Program Leadership

Christopher Chen, M.D./Ph.D., Prof. of BME, Director of Biological Design Center. Dr. Chen’s research is focused on understanding how coordinated assembly of cells can lead to functional tissue structures. The Chen lab is using synthetic biology approaches to study and control transcription and signaling pathways as a means to gain insights into these mechanisms.

Pankaj Mehta, Ph.D., Assoc. Prof. of Physics. Dr. Mehta is interested in understanding how large-scale, collective behaviors observed in biological systems emerge from the interaction of many individual molecular elements, and how these interactions allow cells to perform complex computations in response to environmental cues. Dr. Mehta is leveraging his expertise at the interface of theoretical physics and biology to help design and understand synthetic biological systems.

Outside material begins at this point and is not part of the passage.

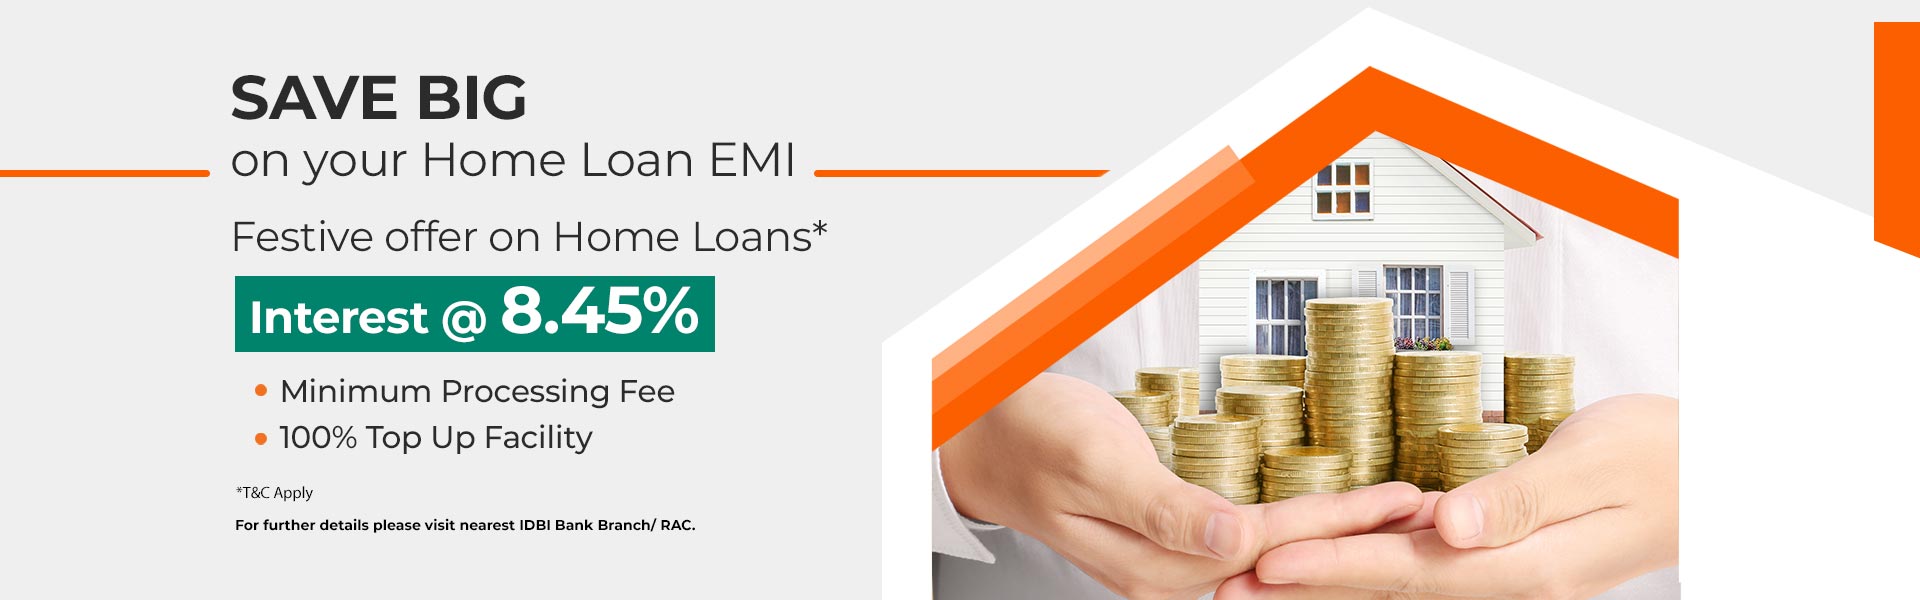 Home Loan at ROI of 8.65%.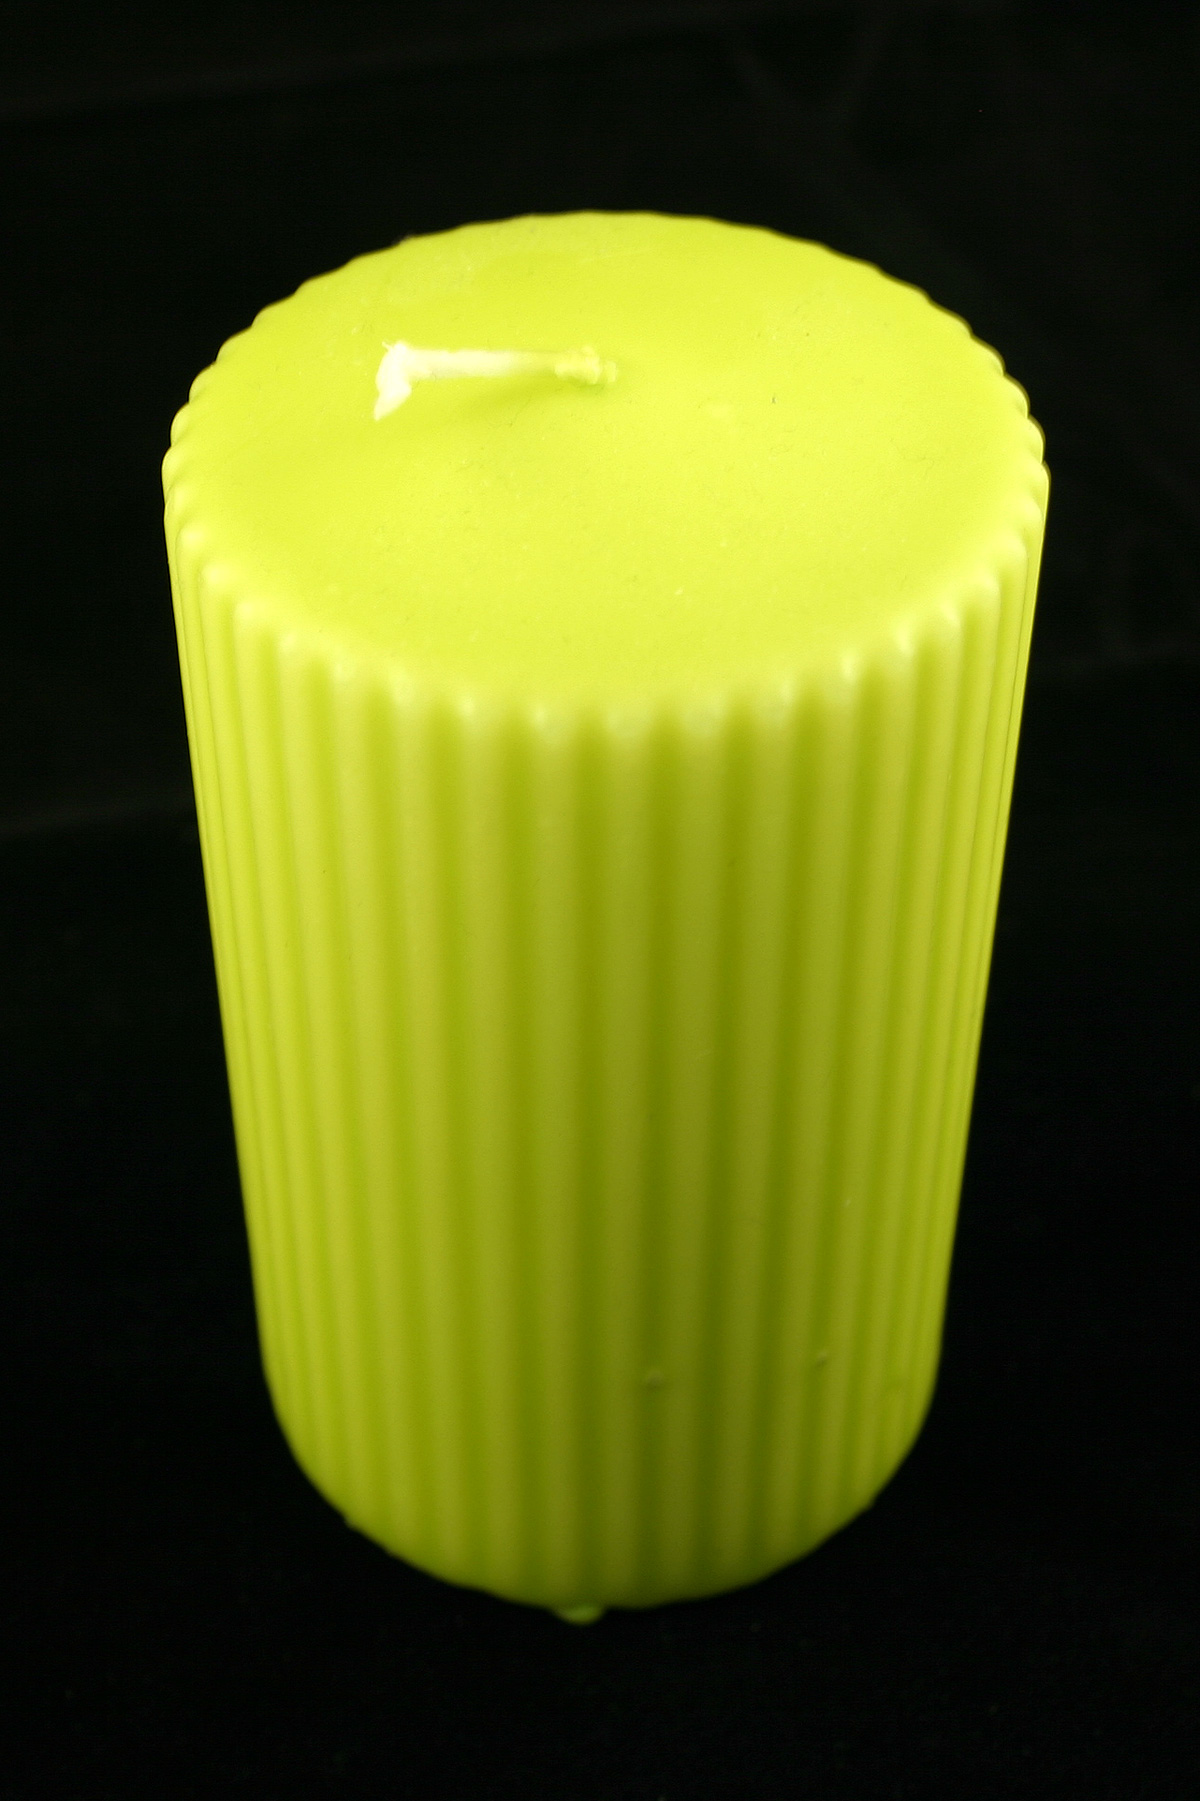 Lime colored candle photo

Zeba Wunderlich, Ph.D., Assoc. Prof. of Biology. The Wunderlich lab is interested in understanding how a gene regulatory network’s tasks influence its architecture, robustness, and evolvability. To probe these questions, the lab uses two model systems: the Drosophila early embryonic patterning system and the Drosophila innate immune response. In both systems, we pair imaging-based and genomic measurements of gene expression with statistical and physically based computational models to explore questions of gene regulatory network function. We exploit naturally occurring sequence variation between individuals and species as a tool to measure how changes in regulatory DNA affect transcriptional regulation.